Your copy should hold only the lines from the one with "Maison Margiela Evolution" to the one with "icing pine branch", both included, each exactly as it stands below, with no pictures.

BEGIN Records to process

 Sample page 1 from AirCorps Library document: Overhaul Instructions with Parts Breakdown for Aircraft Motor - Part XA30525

END Records to process
BEGIN Records to process

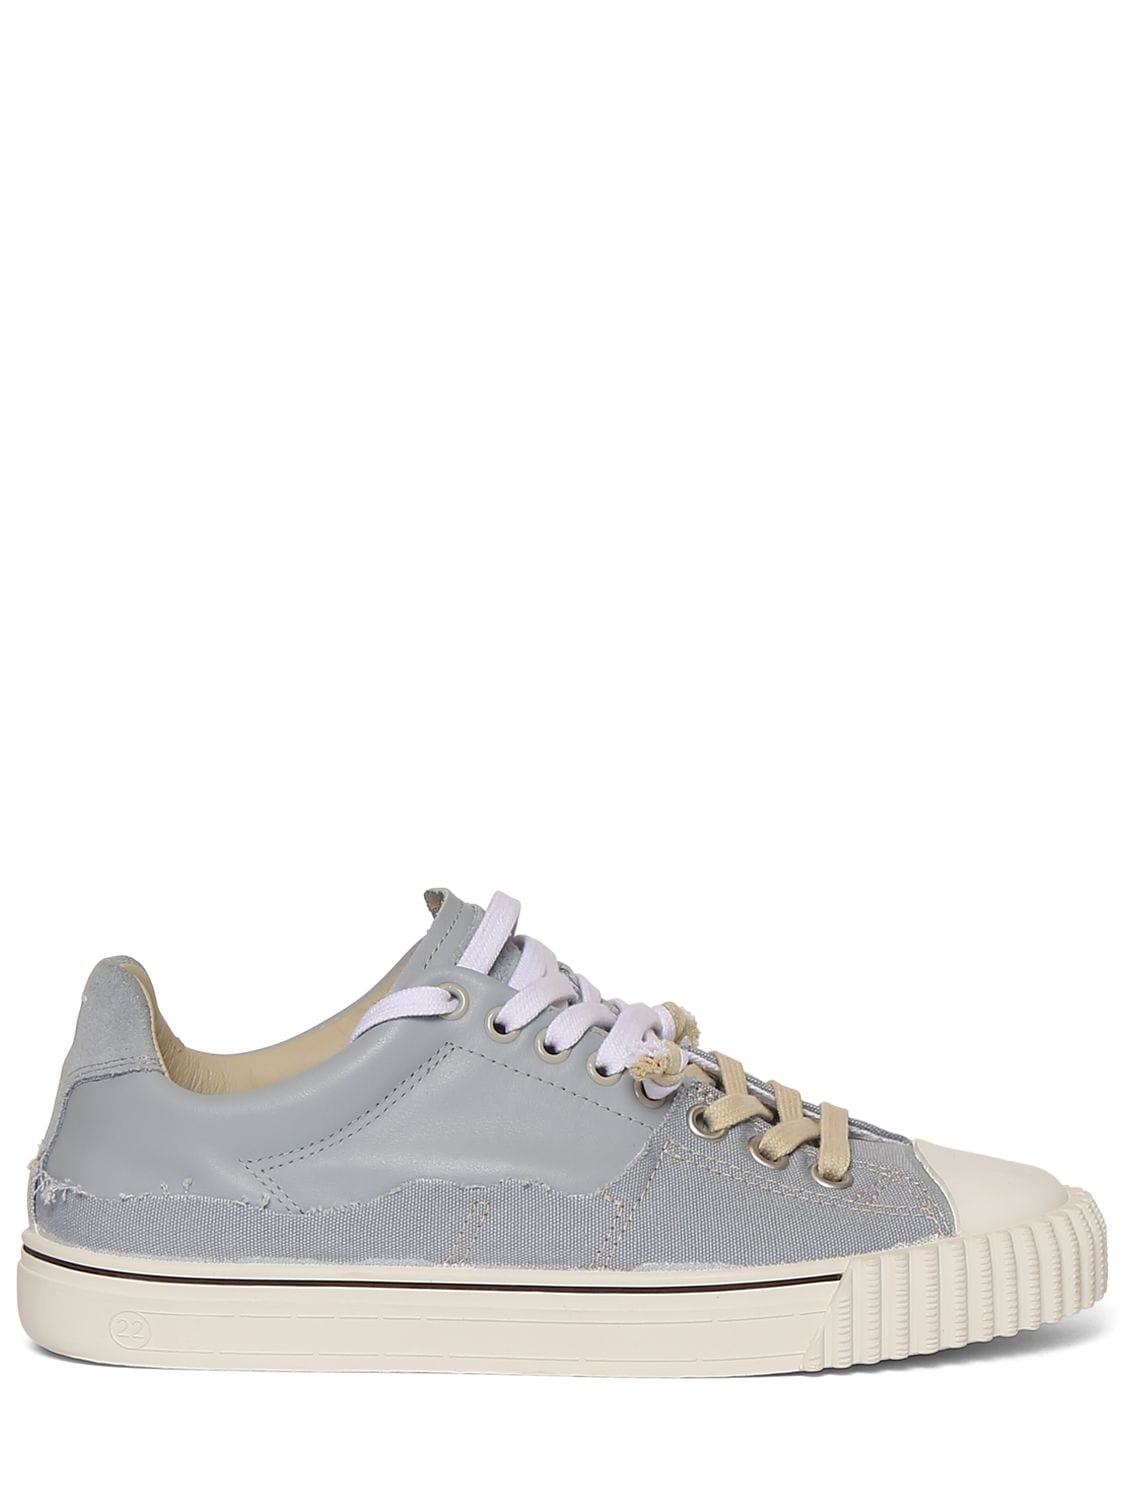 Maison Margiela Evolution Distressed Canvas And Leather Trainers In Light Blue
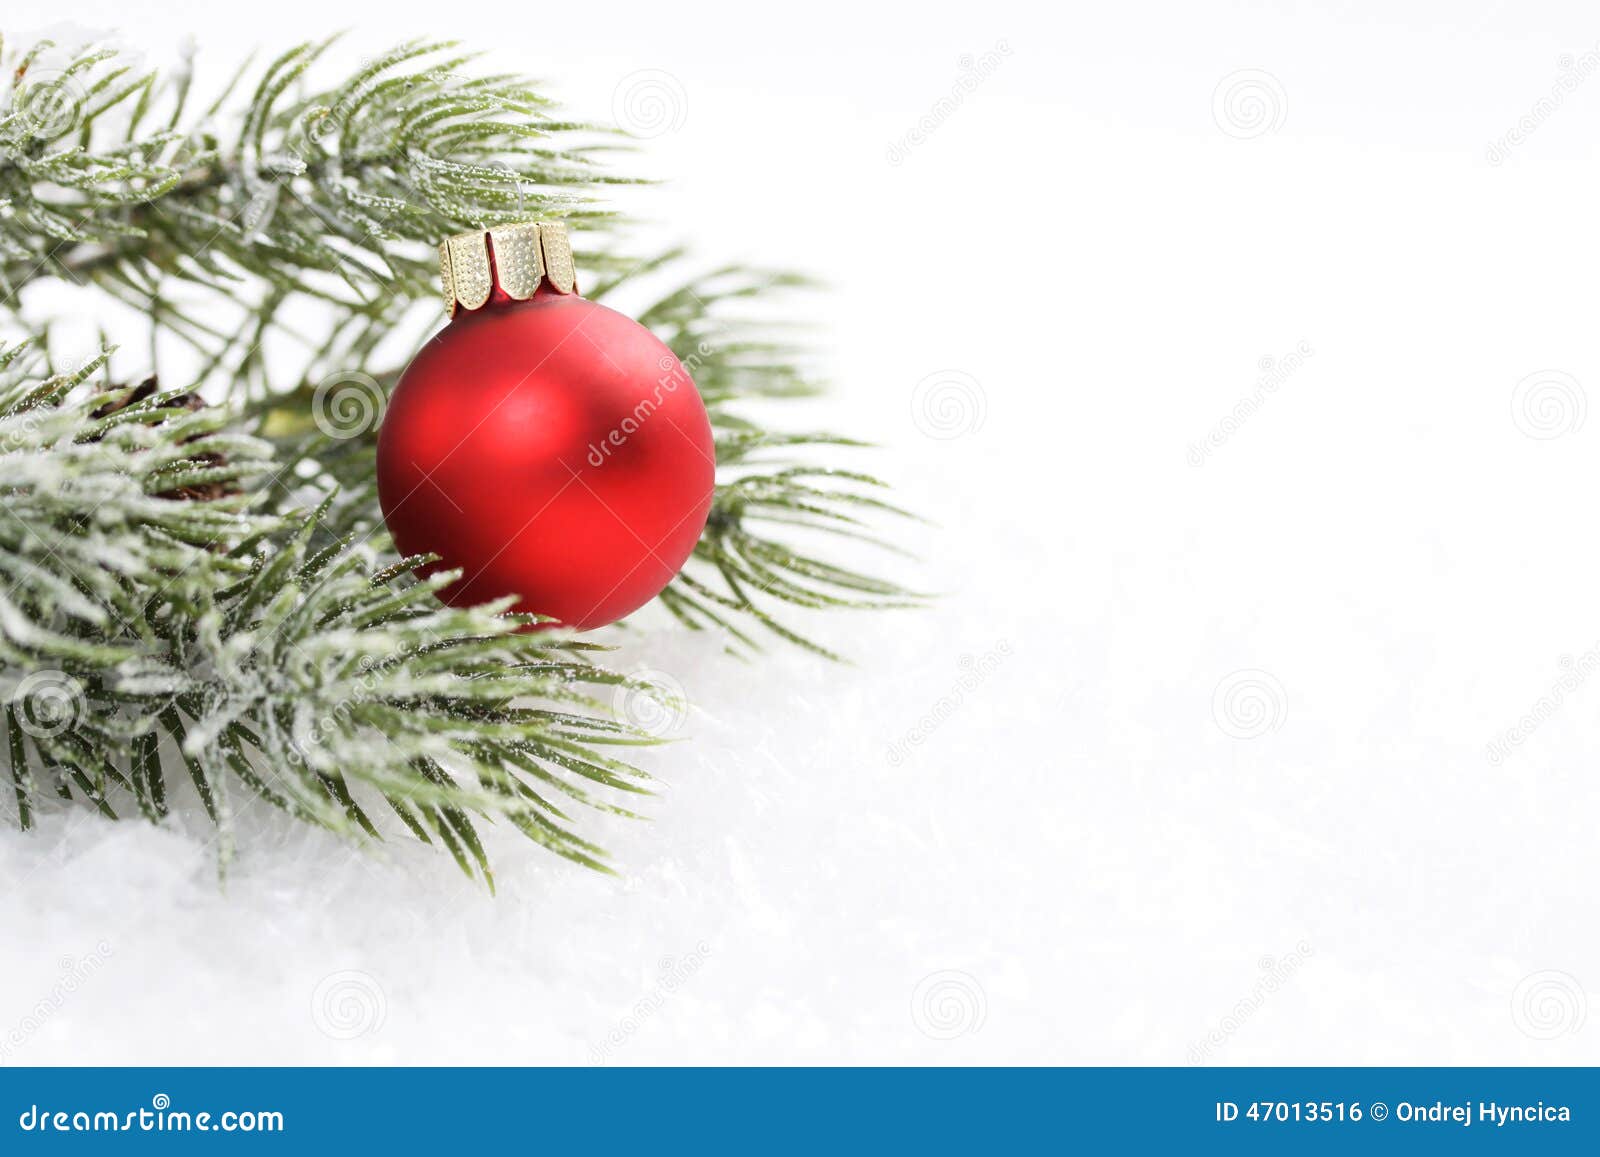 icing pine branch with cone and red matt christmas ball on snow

END Records to process

> Exercise response:
 Maison Margiela Evolution Distressed Canvas And Leather Trainers In Light Blue
 icing pine branch with cone and red matt christmas ball on snow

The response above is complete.